But at the end of the council session, Pope John was obviously pleased; the council, he said, had enabled him "to hear the voice of the whole Catholic world." To make sure that the next session would go faster, he set up a new secretariat under his Secretary of State, Amleto Cardinal Cicognani, to carry on council deliberations until the council fathers reconvene on Sept. 8. To each bishop he arranged to send all proposals during the recess, in a sort of continuing council by mail order. As for the disagreements that the council had produced, John dismissed them by saying, "We are not friars singing in a choir."

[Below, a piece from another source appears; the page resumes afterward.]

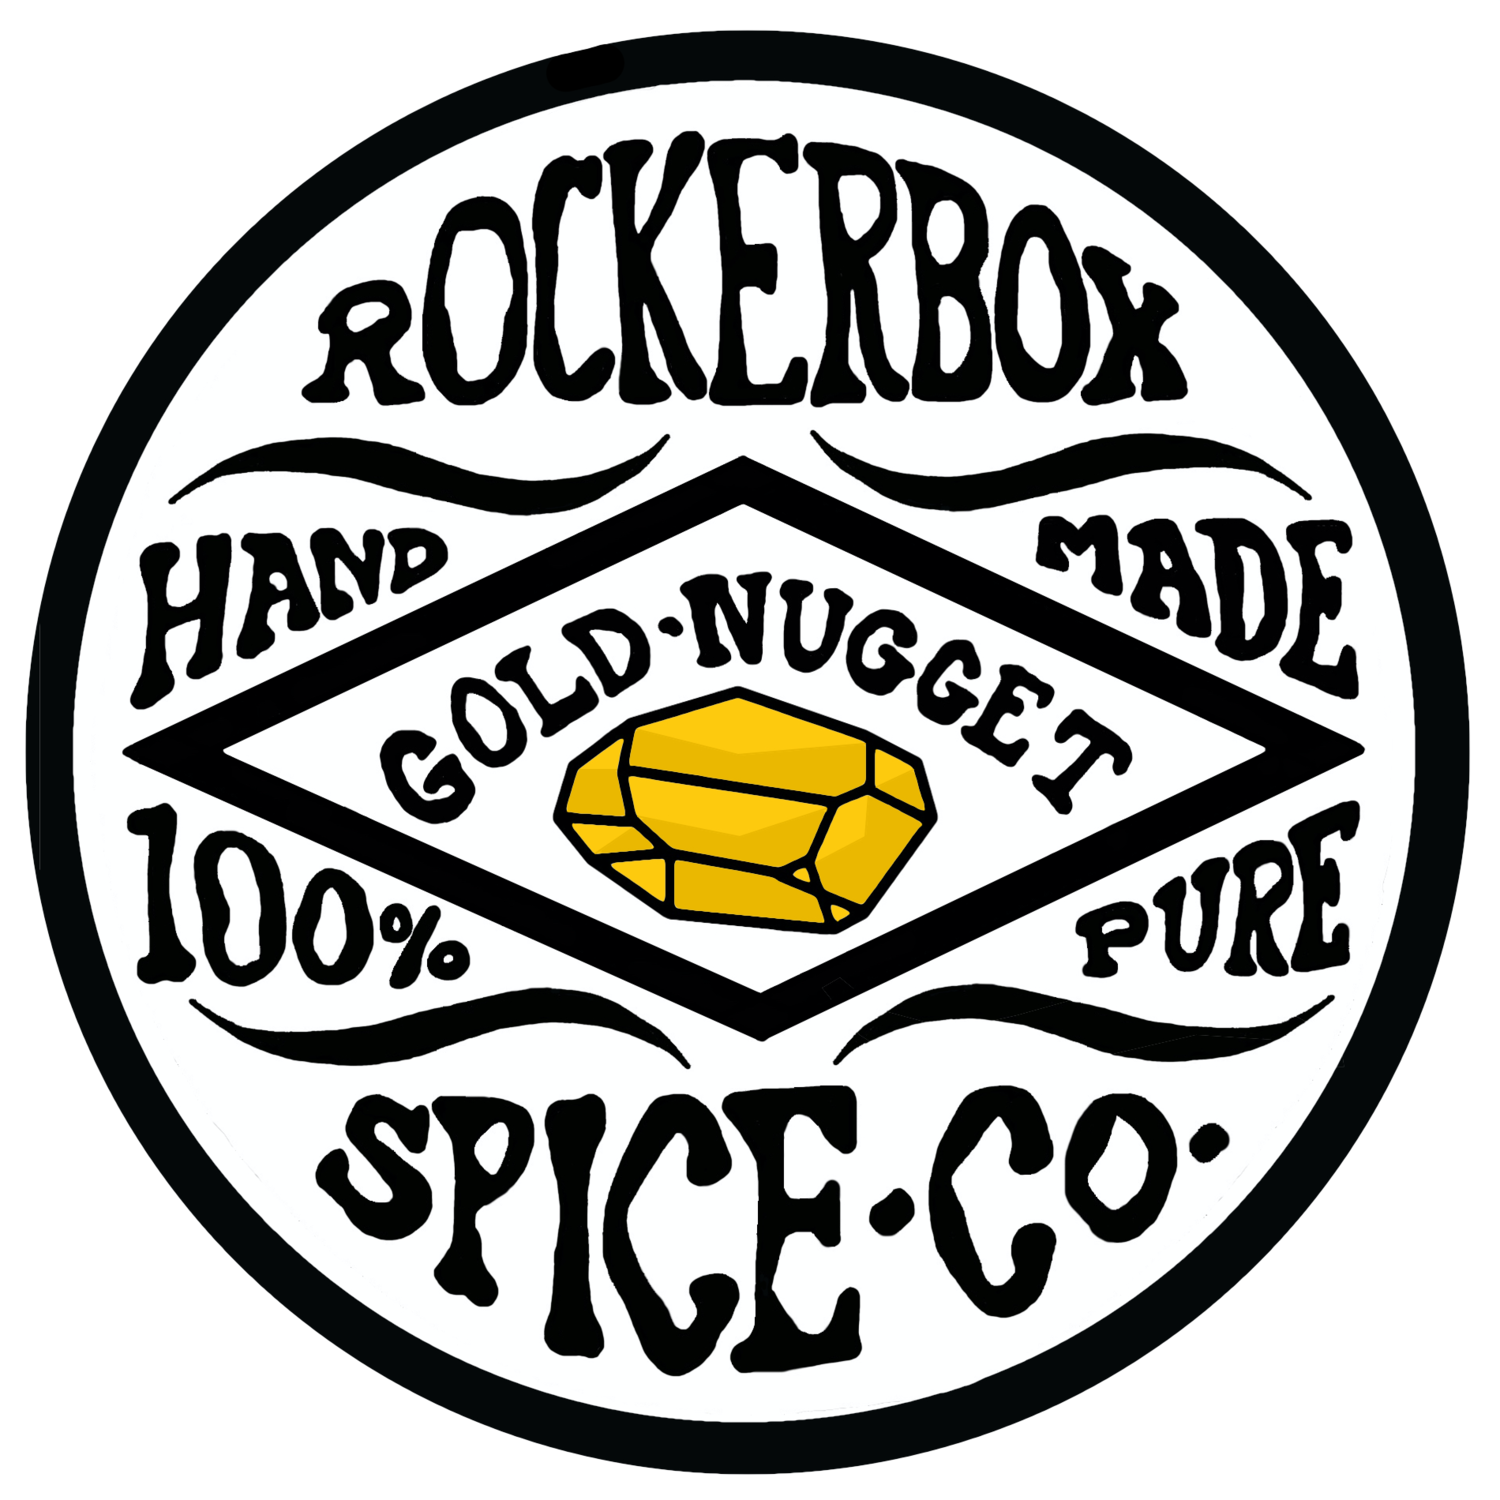 Rockerbox Spice Co.

POPE JOHN: INTUITIVE BEING

Though Pope John has proved a happy surprise to both the Catholic Church and the world, his life is full of signposts that clearly mark his life and growth. He is an intuitive being who can pierce to the heart of a matter without taking the circuitous route of deeper and more discursive minds. The rhythmic natural influences of his first years on the farm at Sotto il Monte formed him for all time. A few weeks ago, asked by some bishops what he wanted to do after the council, John replied: "Spend a day tilling the fields with my brothers." Neither an intellectual nor a highly trained theologian, he does not think in concepts but in terms of fundamental human experiences. In a varied and unusual career, he has absorbed and synthesized these experiences to an extraordinary degree.

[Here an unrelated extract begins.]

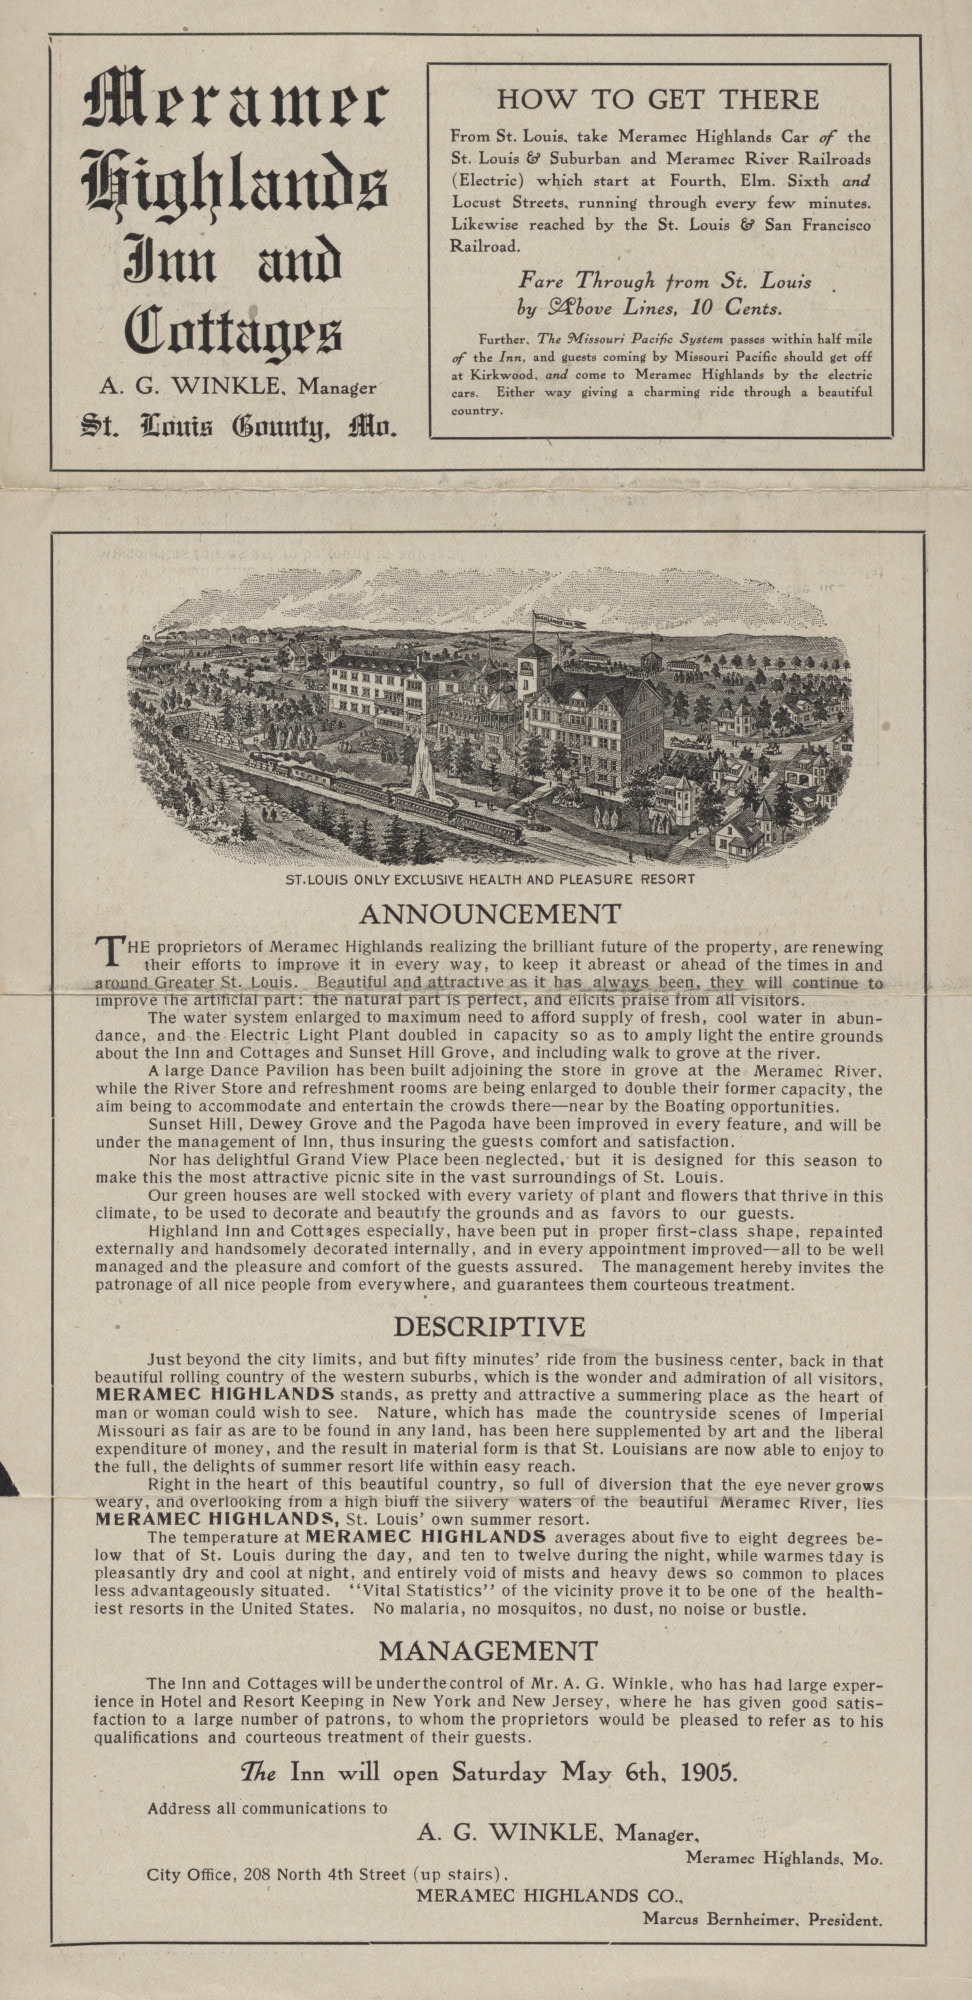 1905 advert for Meramec Highlands

Unlike most Popes, Angelo Giuseppe Roncalli has spent most of his life living away from the restrictive influences of Rome. He has come to respect and be respected by people of many beliefs. After a year of teaching patrology (the study of early church fathers) at the Pontifical Lateran Seminary in Rome as a young priest, he was removed because the Romani did not consider him quite safe—he was proposing such unthinkable ideas as that mixed marriages might be allowed in certain circumstances. He languished as a letter copier in the Oriental Congregation until the Holy See discovered that it needed an apostolic visitor to remote Bulgaria (1925-34). From there he went for ten years to 98 % -Moslem Turkey, and was transferred from exile to troubled France near the end of World War II only because the Holy See did not want to spare a top man for that messy post. But the French were charmed by Roncalli's humility and abilities as a raconteur—as well as by his reputation as "a heavy fork"—and in 1953 Pius XII gave him a red hat and the metropolitan see of Venice.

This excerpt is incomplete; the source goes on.